## [Provided material]
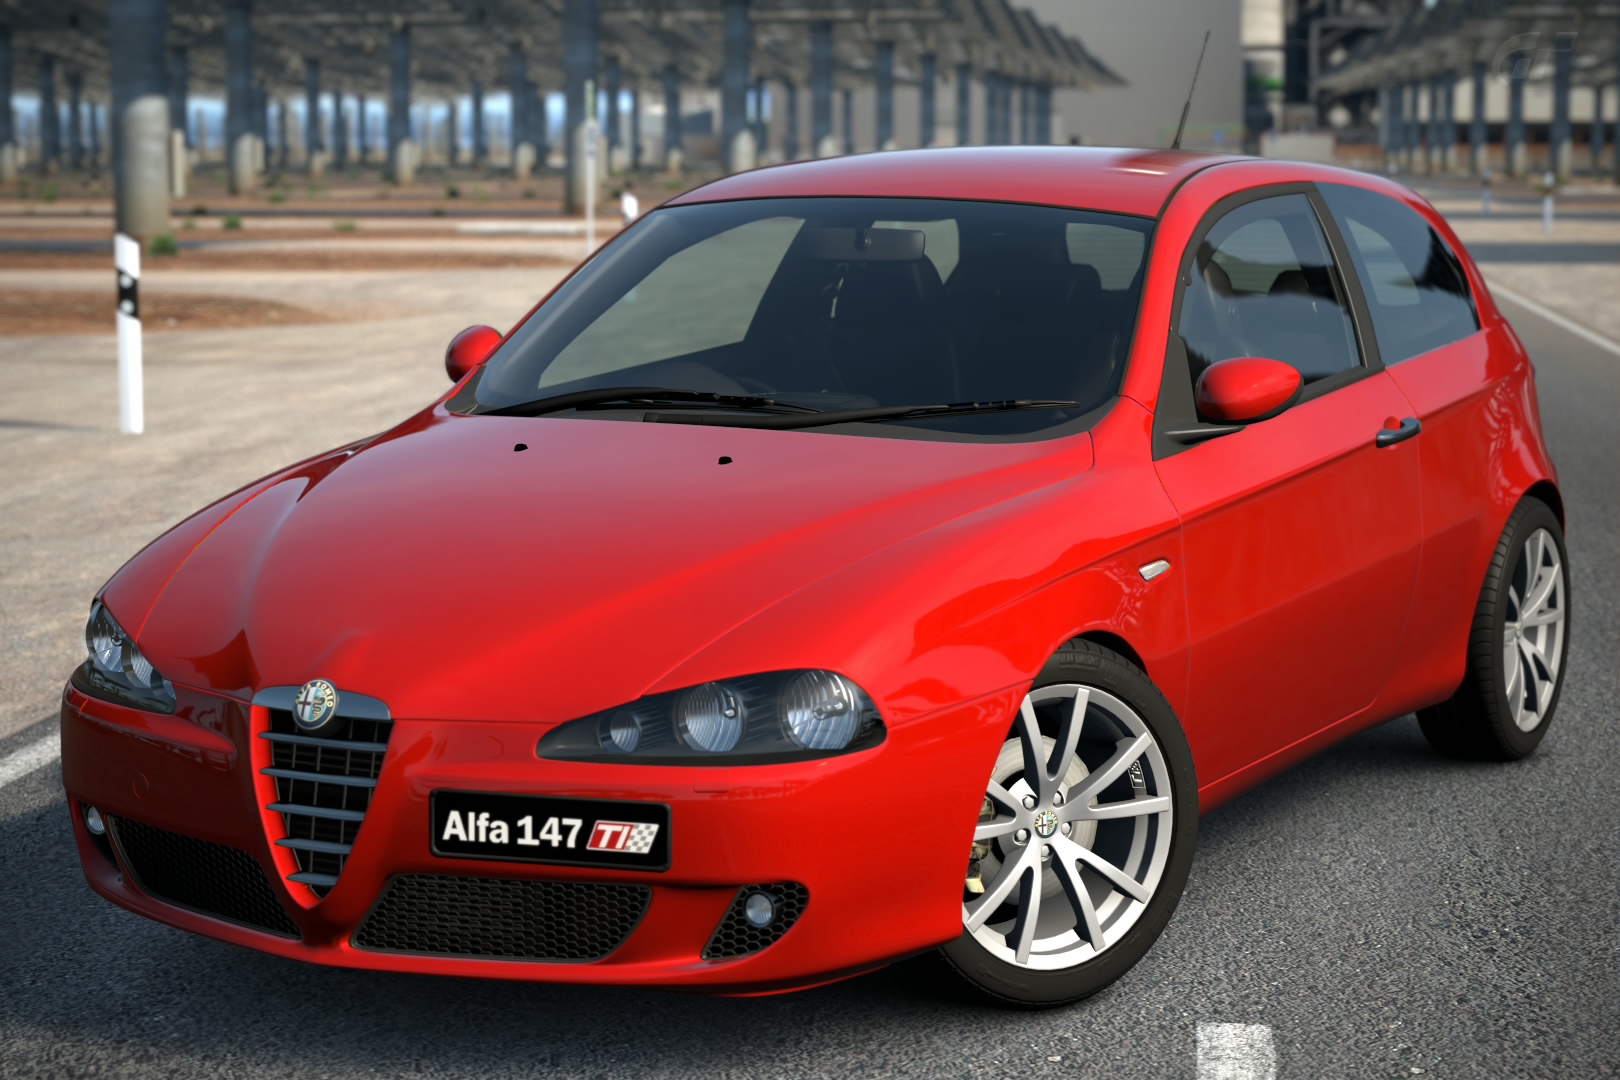 Alfa Romeo 147 TI 2.0 TWIN SPARK '06, Gran Turismo Wiki
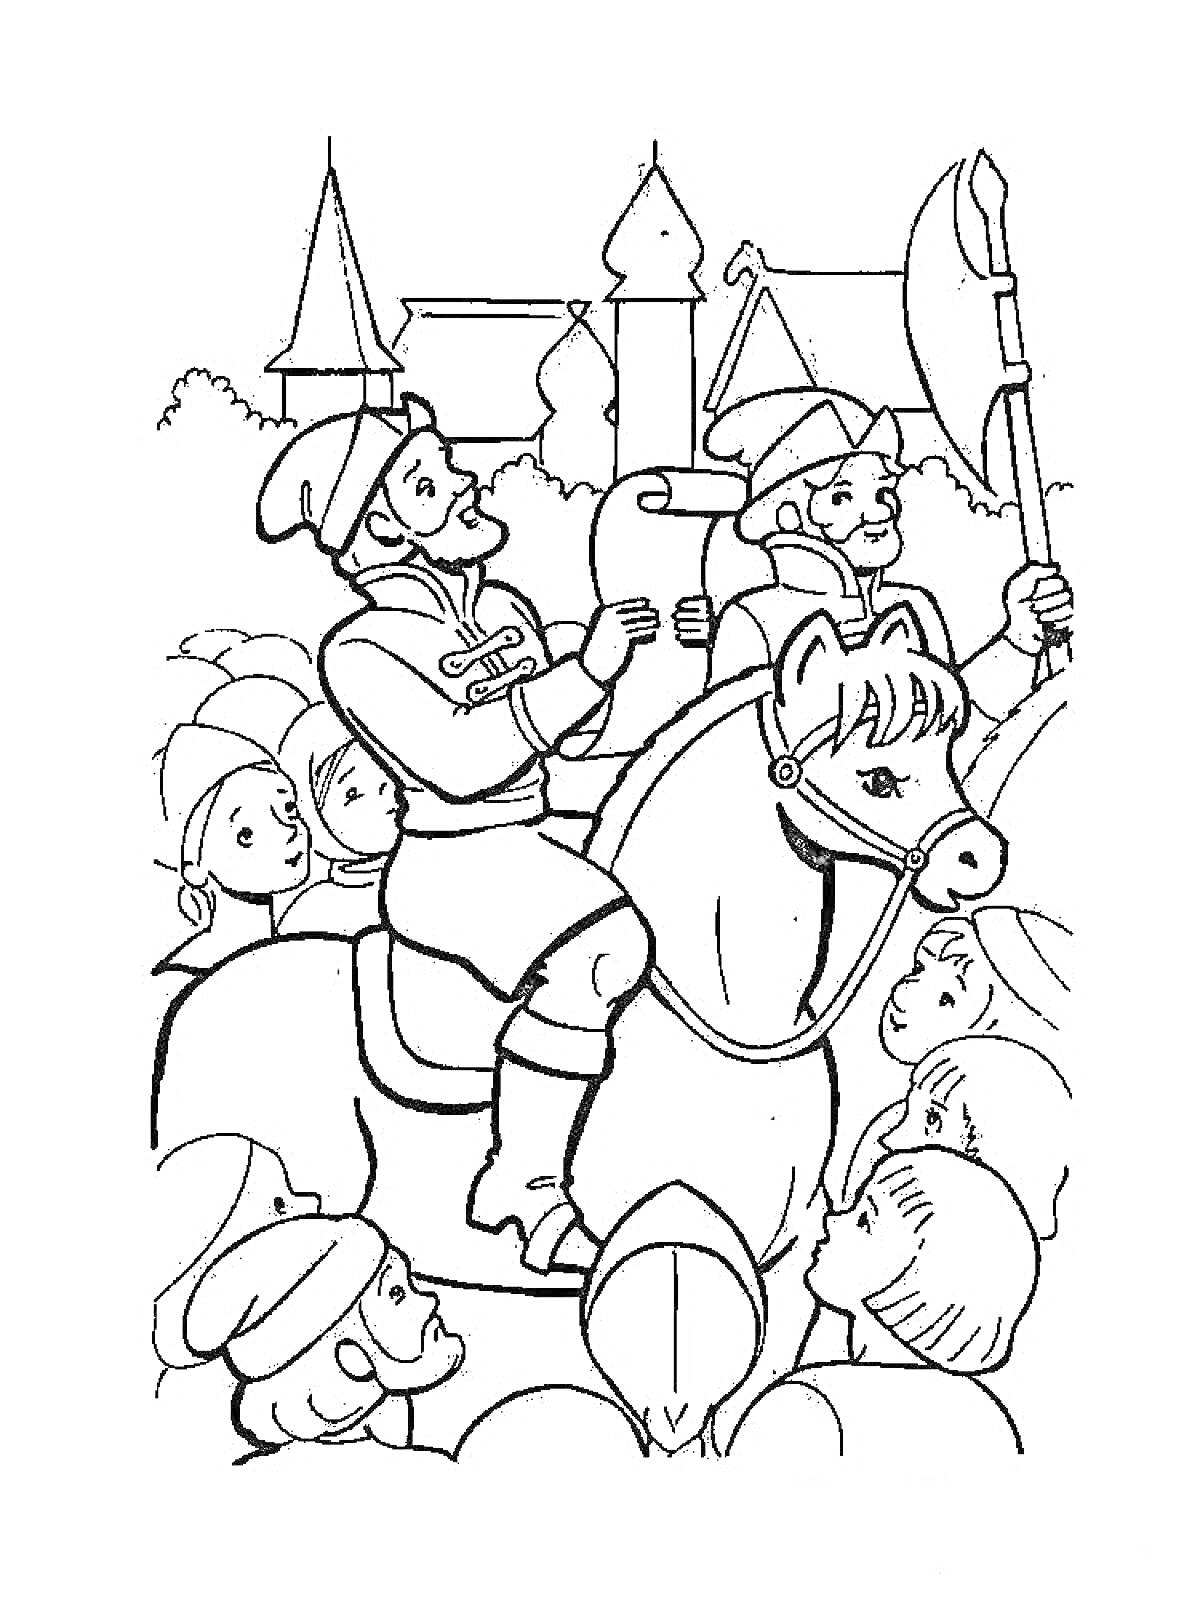 На раскраске изображено: Всадник, Лошадь, Свиток, Замок, Деревья, Колпаки, Башни, Крыша, Человек, Топоры, Шлемы
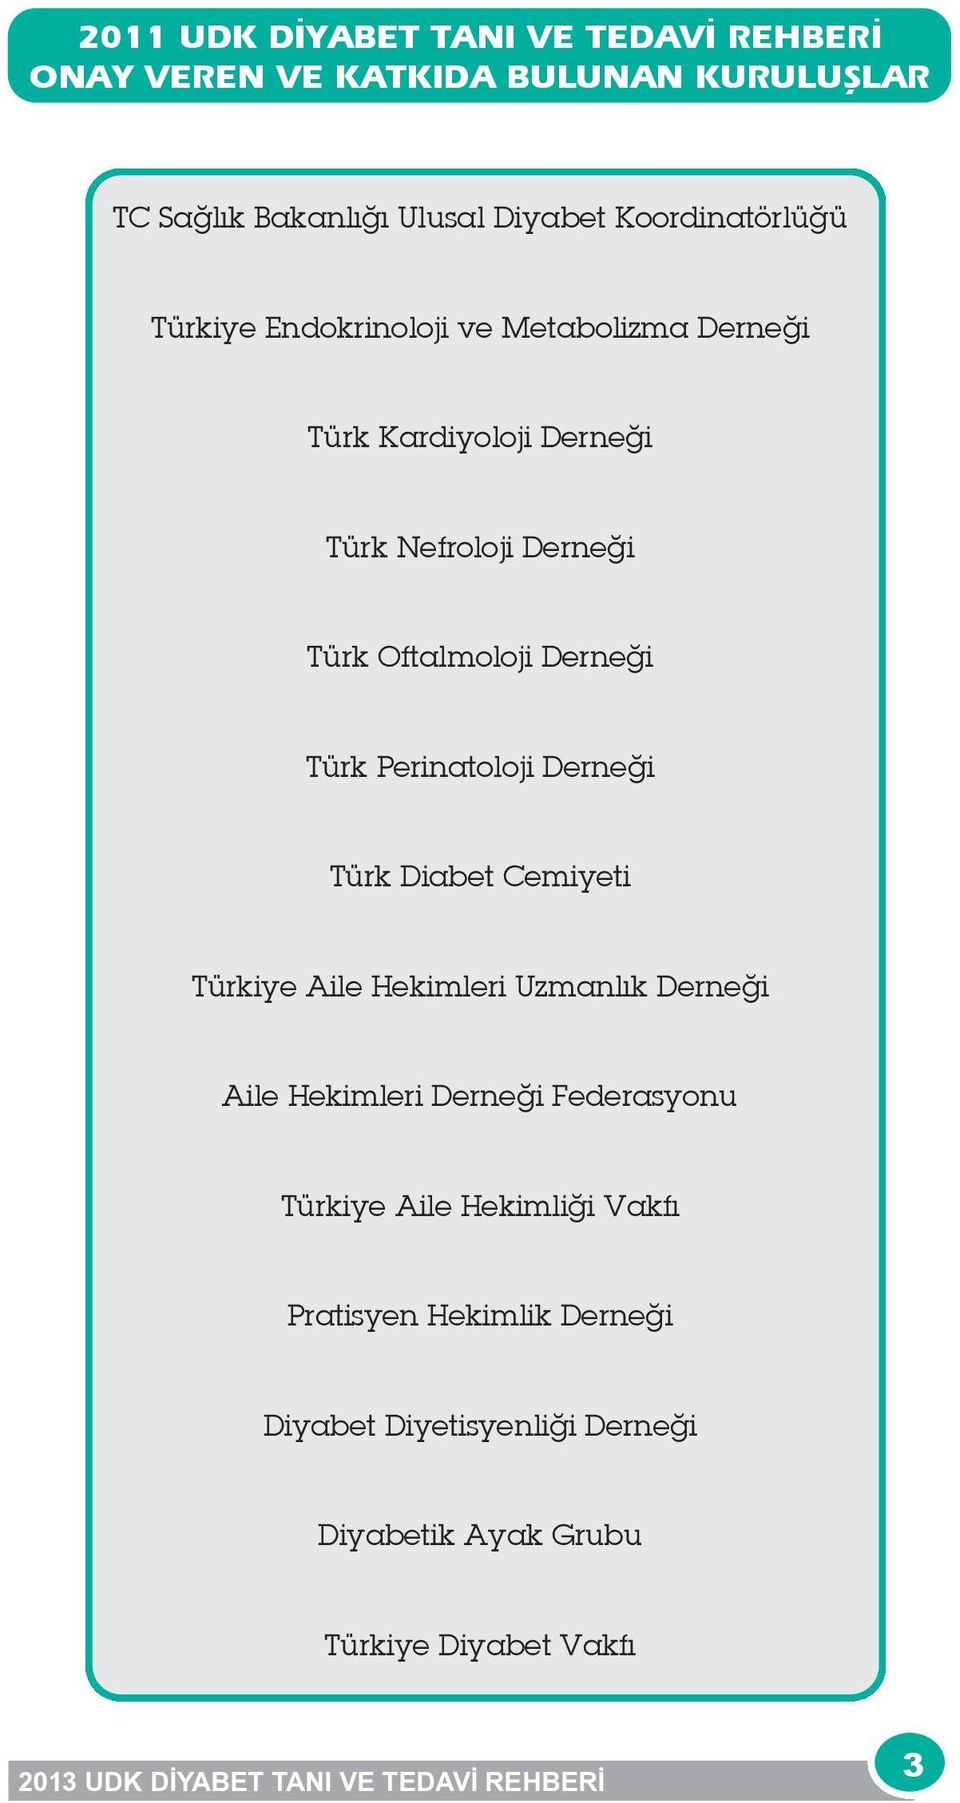 Derneği Türk Perinatoloji Derneği Türk Diabet Cemiyeti Türkiye Aile Hekimleri Uzmanlık Derneği Aile Hekimleri Derneği

## [Exercise directions]
Make an exact copy of the listing above. Its pictures are not needed.

## [Answer box]
 Alfa Romeo 147 TI 2.0 TWIN SPARK '06, Gran Turismo Wiki
 На раскраске изображено: Всадник, Лошадь, Свиток, Замок, Деревья, Колпаки, Башни, Крыша, Человек, Топоры, Шлемы
 Derneği Türk Perinatoloji Derneği Türk Diabet Cemiyeti Türkiye Aile Hekimleri Uzmanlık Derneği Aile Hekimleri Derneği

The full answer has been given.